Tujuan utama dalam permainan Pokémon Go adalah menemukan, menangkap, melatih, dan mengadu makhluk/spesies Pokémon (saat ini sekitar 250 jenis Pokémon). Untuk menemukan makhluk, misalnya Pikachu atau Squirtle, yang berkeliaran tersebut, pengguna (pemain/player) Pokémon Go harus berkeliling dan secara acak menemukannya pada peta yang tampil di layar smartphone.
Jenis spesies Pokémon yang ditemukan bergantung pula pula pada habitat yang ada, misalnya spesies air Pokémon biasanya berada di sekitar kolam, sungai, danau, atau lautan.
Pokémon Go dikembangkan oleh Niantic Inc. (perusahaaan spinoff dari Alphabet Inc.) yang sebelumnya dikenal dengan game AR lainnya , yakni ‘Ingress’. Namun, baru pada game Pokémon Go inilah Niantic berhasil mengajak para penggunanya untuk merasakan sensasi baru hingga bisa penasaran (Poké-crazy) dalam petualangannya menemukan Pokémon di berbagai lokasi.
Masalahnya, beberapa pengguna dilaporkan terlalu asyik bermain Pokémon Go saat mengeksplorasi suatu lokasi sehingga mereka seringkali lupa dan kehilangan orientasi saat sedang di dunia nyata di satu sisi dan mencari obyek virtual (makhluk Pokémon) di sisi lainnya.

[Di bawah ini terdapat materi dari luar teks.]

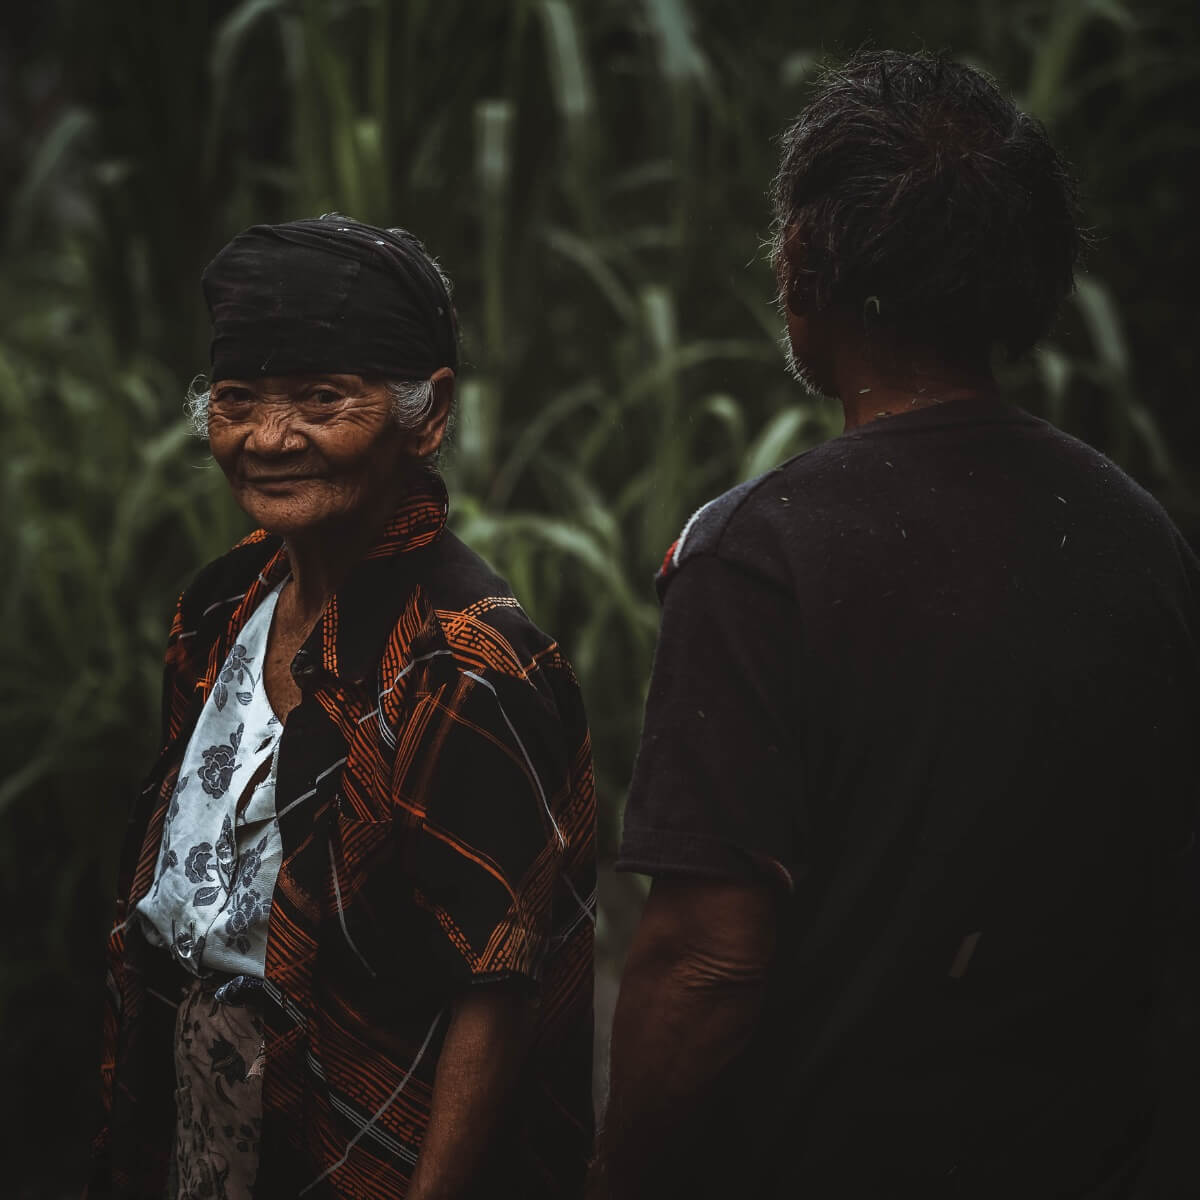 Old balinese woman and man in a ricefield

Beberapa laporan menyebutkan bahwa terjadi kasus dimana pengguna Pokémon Go di beberapa negara mengalami insiden tidak terduga, konyol, bahkan menjurus bahaya hanya demi menemukan dan menangkap makhluk Pokémon dalam game tersebut.
Salah satu contohnya, seperti pengguna yang terbentur pintu atau pohon, dan tersandung dan jatuh hingga cidera. Beberapa pengguna bahkan dengan bangganya melaporkan bahwa bermain Pokémon Go saat mengemudi mobil jauh lebih ‘cool’ dibandingkan chat atau sms-an saat mengemudi.
Selain mengemudi, masih ada beberapa aktivitas lain yang dianggap mengandung risiko keamanan bagi pengguna Pokémon Go. Di antaranya, seperti kasus pemain yang masuk dan berkeliaran di kantor polisi (terjadi di Australia) hanya untuk menemukan Bulbasaur (spesies Pokémon).
Selain itu, pemain Pokémon Go bahkan berpotensi masuk ke area yang dianggap berbahaya bagi dirinya sendiri dan orang lain, seperti di jalan raya, dan daerah rawan kriminal. Termasuk menerobos masuk ke area pribadi/rumah orang lain (trespassing).
Persoalannya adalah dampak Pokémon Go terhadap setiap pemain tidaklah sama/seragam. Ada pemain yang bisa menjaga keseimbangan antara kesadarannya berada di lingkungan nyata dan fokusnya mencari obyek virtual. Namun, ada pula pemain yang terlalu intens bermain Pokémon Go sehingga lupa berada lokasi di dunia nyata yang bisa mengundang risiko tertentu.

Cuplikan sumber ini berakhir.